Penjelasan tentang duduk iftirasy ini dapat
dijumpai dalam Fath al-Mu’in:
ـ
(وسن فيه) الجلوس بين السجدتين، (و) في (تشهد أول) وجلسة
استراحة، وكذا في تشهد أخير إن تعقبه سجود سهو. (افتراش) بأن يجلس على كعب يسراه
بحيث يلي ظهرها الارض
“Disunnahkan duduk iftirasy saat duduk di
antara dua sujud, tasyahud awal, duduk istirahat, dan tasyahud akhir jika
setelahnya masih melakukan sujud sahwi. Gambaran duduk Iftirasy adalah dengan
cara duduk di atas mata kaki kiri sekiranya bagian kaki kiri yang atas menempel
pada lantai” (Syekh Zainuddin al-Maliabari, Fath al-Mu’in, juz 1, hal. 195)
Dalam melaksanakan duduk iftirasy, di antara
ketentuannya adalah melipat jari-jari kaki kanan menghadap arah kiblat. Hal ini
seperti yang dijelaskan dalam Hasyiyah I’anah at-Thalibin:
ويسن
الافتراش فيجلس على كعب يسراه بعد أن يضجعها بحيث يلي ظهرها الارض، وينصب يمناه –
أي قدمه اليمنى – ويضع أطراف بطون أصابعها منها على الارض متوجها للقبلة.
“Disunnahkan duduk Iftirasy yakni duduk di
atas mata kaki yang kiri setelah menyandarkan kaki kiri tersebut sekiranya
bagian kaki kiri yang atas menempel pada lantai dan menegakkan kaki kanan dan
meletakkan ujung jari-jari kaki kanan di lantai dengan menghadapkannya pada
arah kiblat.” (Syekh Abu Bakar Muhammad Syatha, Hasyiyah I’anah at-Thalibin,
juz 1, hal. 195)
Namun demikian, ketentuan melipatkan jari
kaki kanan menuju arah kiblat hukumnya mengikut pada duduk iftirasy itu
sendiri, yakni sunnah.
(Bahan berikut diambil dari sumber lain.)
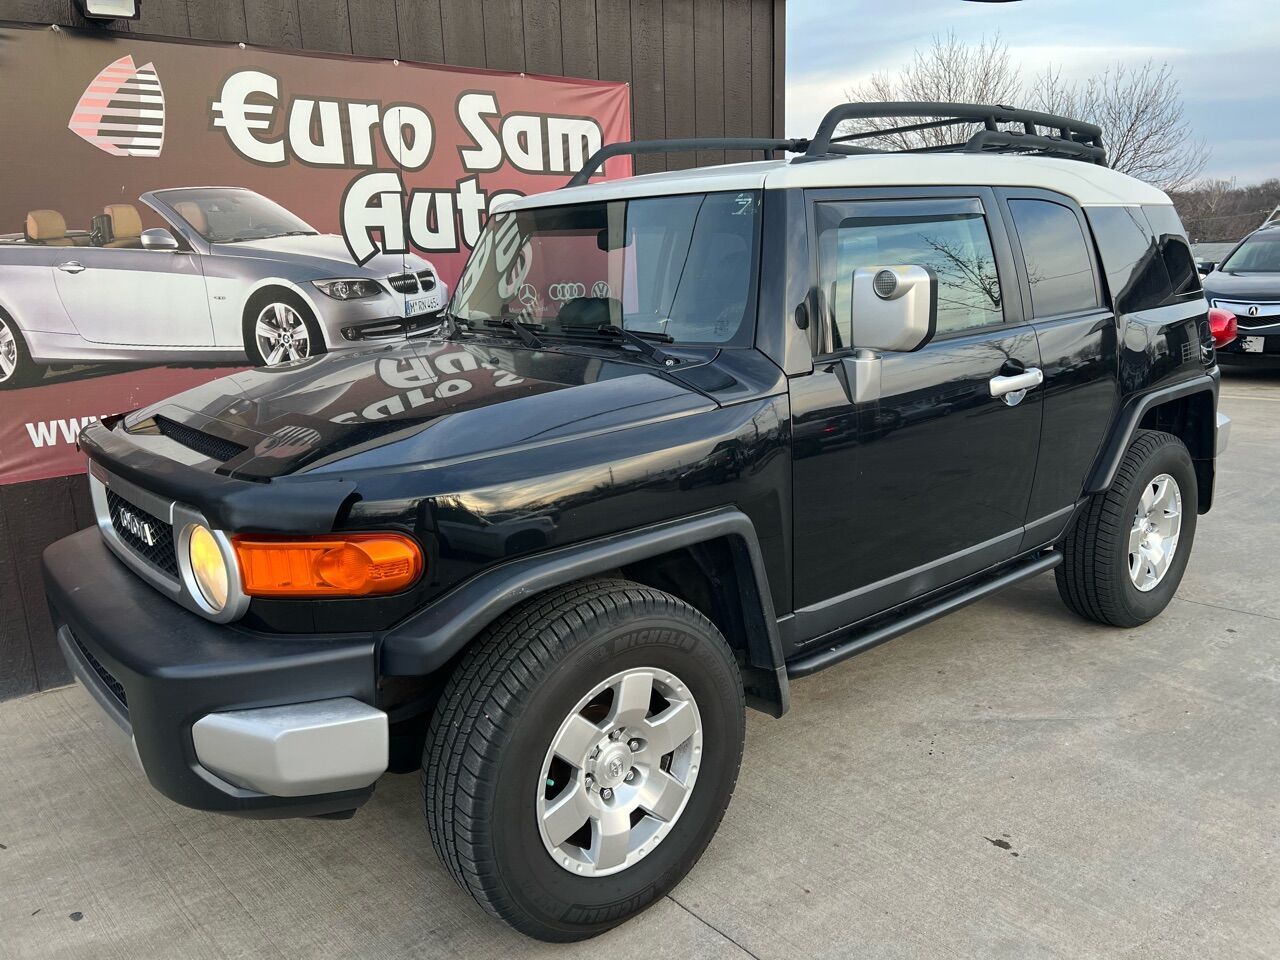 Toyota FJ Cruiser For Sale In Lees Summit, MO ®

Sehingga ketika seseorang sengaja tidak melipat jari
kaki kanannya menuju arah kiblat, maka tidak berpengaruh pada keabsahan
shalatnya, hanya saja ia dianggap tidak melaksanakan salah satu kesunnahan
dalam shalat.
Hikmah dianjurkannya duduk iftirasy pada
berbagai rukun-rukun dan kesunnahan dalam shalat adalah dikarenakan duduk
dengan cara tersebut merupakan cara yang paling sopan sebab melambangkan
kerendahan diri dari orang yang shalat. Hal ini seperti yang dijelaskan
dalam Hasyiyah I’anah at-Thalibin:
والحكمة
في ذلك منع يديه من العبث، وأن هذه الهيئة أقرب إلى التواضع
“Hikmah dari pelaksanaan duduk Iftirasy
adalah mencegah kedua tangan dari bermain-main dan duduk dengan keadaan
demikian lebih dekat untuk merendahkan diri” (Syekh Abu Bakar Muhammad Syatha,
Hasyiyah I’anah at-Thalibin, juz 1, hal. 196)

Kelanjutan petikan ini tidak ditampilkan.